Искусство. О чувстве прекрасного – ведущие эксперты страны — страница 6 из 50

Портрет столь же известный и столь же навязший в зубах несчастным немецким школьникам, по крайней мере прошлых двух веков, как для русских школьников портрет Кипренского, изображающий Пушкина. Настолько, что, когда вы будете пересаживаться с одного рейса «Люфтганзы» на другой во Франкфуртском аэропорту, вы сможете присесть с кружкой пива в кафе, над которым парит огромная фигура путешественника в белой накидке, в широкополой шляпе, отдыхающего на каких-то каменных глыбах. Это замечательная пародия на самый известный портрет Гёте. «Гёте в Кампанье» работы Тишбейна.

Иоганн Вольфганг фон Гёте был 37-летним чиновником, очень высокопоставленным, в сущности, в министерском ранге, советником Веймарского герцога. Надо ли поражаться тому, что Веймарский герцог отпустил своего друга-администратора почти на два года в Италию? Это знаменитое итальянское путешествие, которое породило книгу воспоминаний Гёте в этой стране. Но слова, которые я сейчас произнесу, не в этой книге. Гёте говорил, что тот, кто хорошо видел Италию, и особенно Рим, никогда в жизни не будет совершенно несчастлив. Эта поездка его, конечно, перевернула. Она сделала его счастливым. И она показала, что служение искусству для Гёте было культом жизни и сознательным выбором.

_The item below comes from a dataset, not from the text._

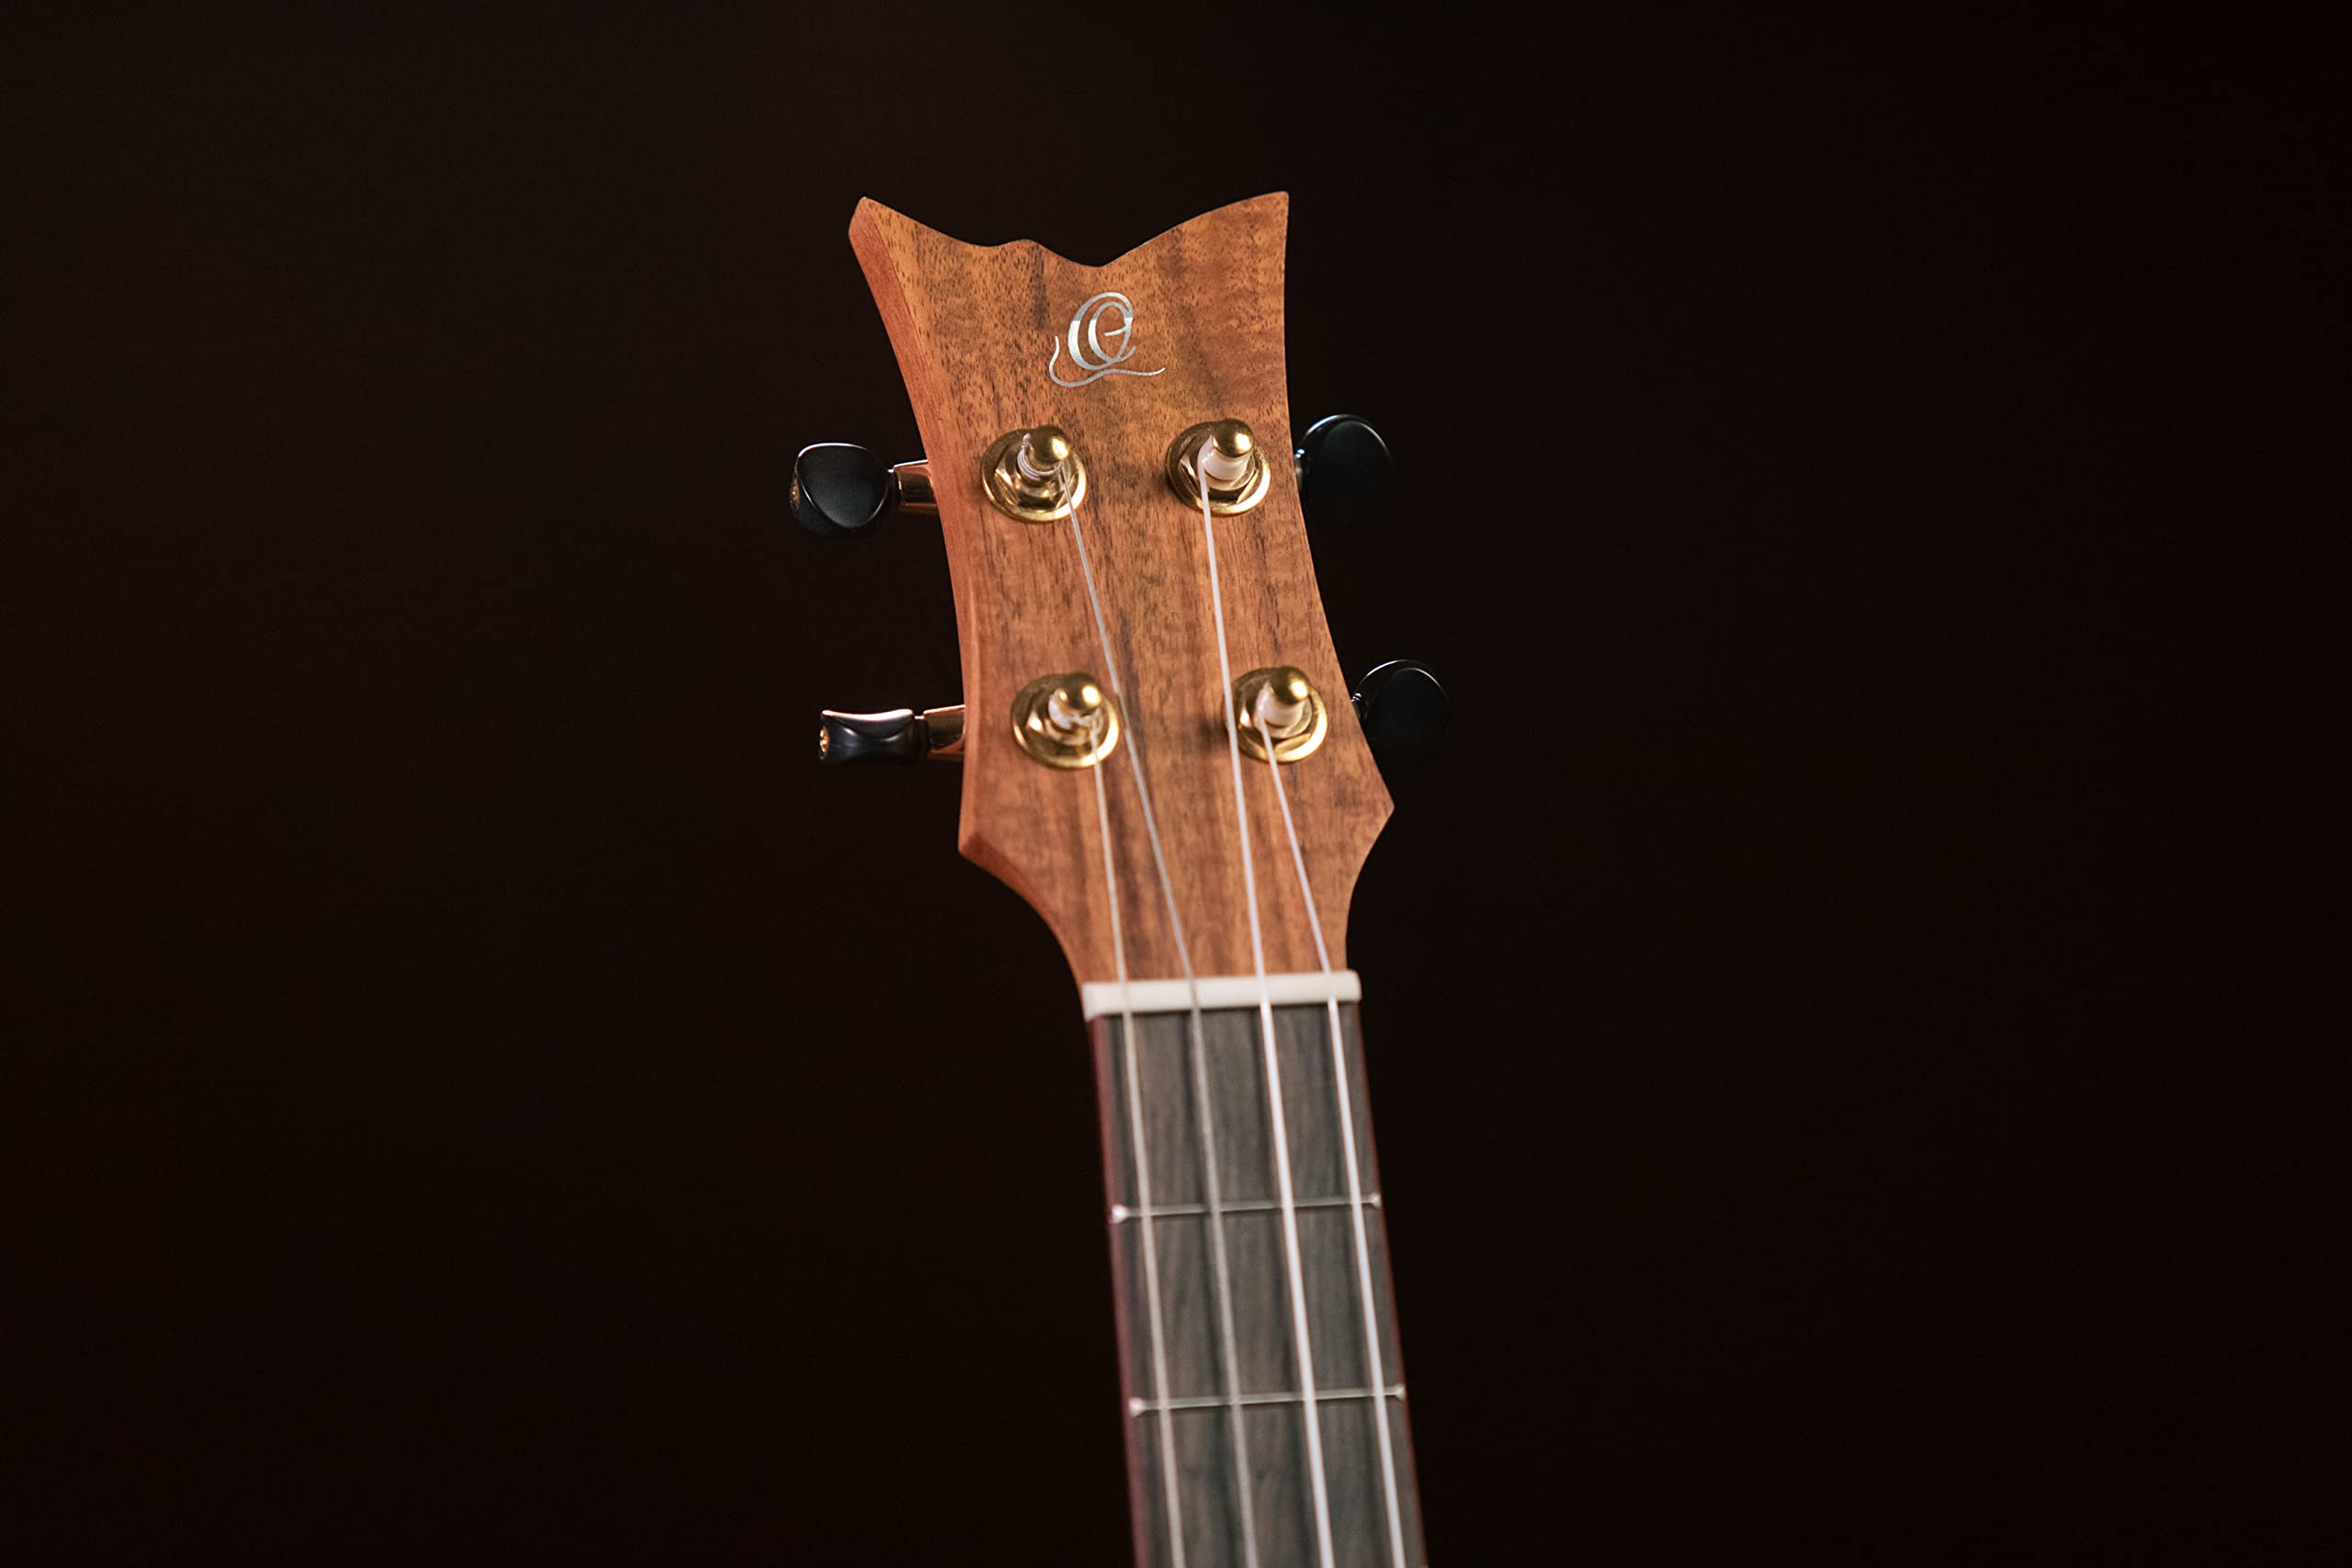 Amazon　Baritone　trên　4-String　Top　(RUACA-BA)　Mua　Right　w/Bag,　chính　Solid　Series　2023　Ortega　Guitars,　Giaonhan247　Mỹ　Timber　Ukulele　hãng

Искусство приходит не только из головы, а оно приходит из почвы, из крови, из воздуха. Именно в Риме он ощутил эту целостность интеллектуального и чувственного. В «Пятой римской элегии» он пишет то, что до римского опыта совершенно невозможно представить.

Ночью не сплошь поцелуи у нас, ведем и беседы;

Сон одолеет ее – в замыслы я погружусь.

Было не раз, что, стихи сочиняя в объятьях у милой,

Мерный гекзаметра счет пальцами на позвонках

Тихо отстукивал я.[6]

Италия с этого времени становится страной обетованной для немцев. Она помогает им найти то, чего нет на их туманной родине. Но она помогла Гёте создать, провести настоящую реформу, если не революцию, немецкой культуры.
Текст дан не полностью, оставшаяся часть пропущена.